В 1946 году тятя с войны вернулся, израненный, больной. Привёз мне колечко золотое, тоненькое такое с красным камушком, а маме – шаль большую, красивую с кистями. Стали мы с отцом в колхозе работать и в лес по дрова ездили. Спилим дерево, тятя закуривает и говорит: «Ну, отдохни, Олюшка». А мне отдыхать некогда, я пока сучки обрублю. С тятей мне спокойно было, он меня берёг, жалел. Только вот пожил совсем мало. Летом переправлялись через Ветлугу на дощанике, в заливные луга на покос ездили, он у меня на руках и умер. Вот тогда сосед Борисов сказал маме: «Ну, Марья Дмитриевна, теперь твоя жизнь кончена». Но мама руки не опустила: надо было дальше жить, ребятишек поднимать. Только вот не зря говорят, что беда одна не приходит. Горе-то оно не по лесу, а по людям. Ослабленные полуголодной жизнью дети стали болеть и умирали один за другим. Из восьмерых в живых осталось только трое. Ольга, Александр и Николай. После смерти отца мама говорила, что корову продавать придётся. Но я ей ответила: «Что про нас люди скажут? Ведь осудят. Как-нибудь выкрутимся». Я работала, по вечерам траву косила да ношами домой носила, а мама её возле дома высушит, да и на сарай перекидает.
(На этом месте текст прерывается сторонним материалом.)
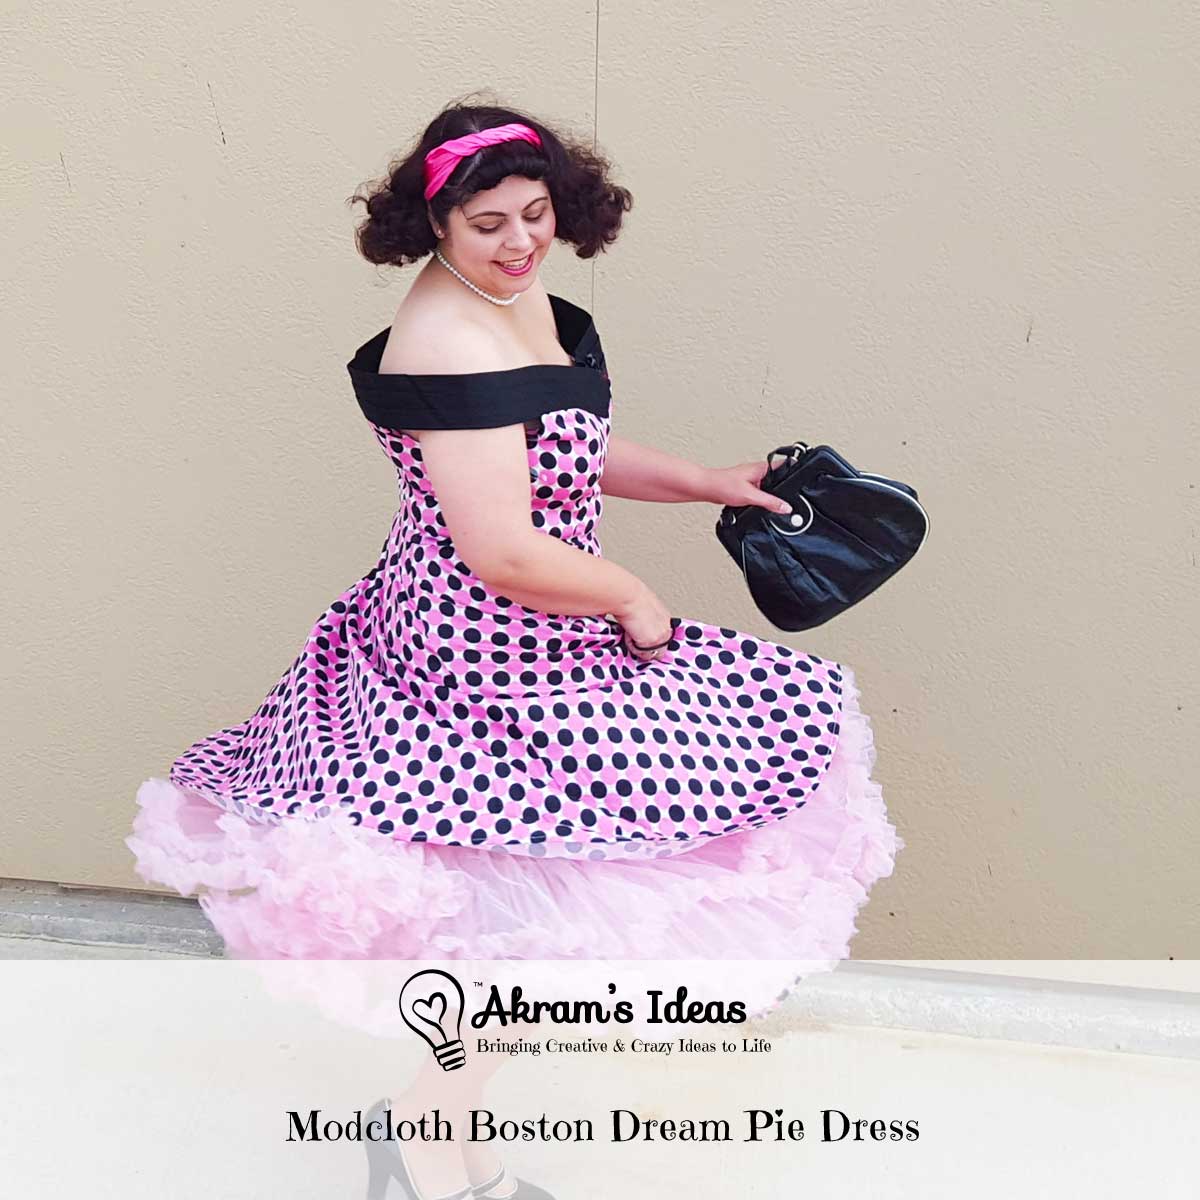 Akram's Ideas: Modcloth Boston Dream Pie Dress

В лесу мы работали в посёлке на Малой Какше. С осени на заготовках, с марта клетки грузили, в мае на сплав ходили. В 1956 году я замуж вышла за Николая Лебедева, он меня на семь лет младше был. Дали нам квартиру в бараке. В 1957 году Таня родилась, в 1958 – Надя. С рождением дочек я в лесу уже не работала. Перешла на пекарню, стала подручной, а потом заведующей. Жизнь начала налаживаться. В 1978 году переехали в Ветлугу, квартиру получили. Дочки в один год замуж вышли. С нами одна Люся (младшая) осталась, я её на сорок втором году родила. Николай в леспромхозе работал, а я – на птицеферме, оттуда и на пенсию вышла. Только вот стажу не хватило, он тогда делился на «колхозный» и «производственный». Я потом ещё восемь лет на пенсии трудилась. Как оказалось позднее, что общий трудовой стаж у меня 42 с половиной года. Вот так вся жизнь моя прошла в работе и заботе. В чём секрет моего долголетия – не знаю. Наверное, долго живу, потому что в Бога верую, зависть и злобу в сердце не держу, людей не осуждаю, ничего не украла, никого не обидела». За свой труд О. П. Лебедева удостоена звания «Ветеран войны» и «Ветеран труда», награждена медалью «За доблестный труд в Великой Отечественной войне 1941–1945 гг.» и юбилейной медалью «50 лет Победы в Великой Отечественной войне».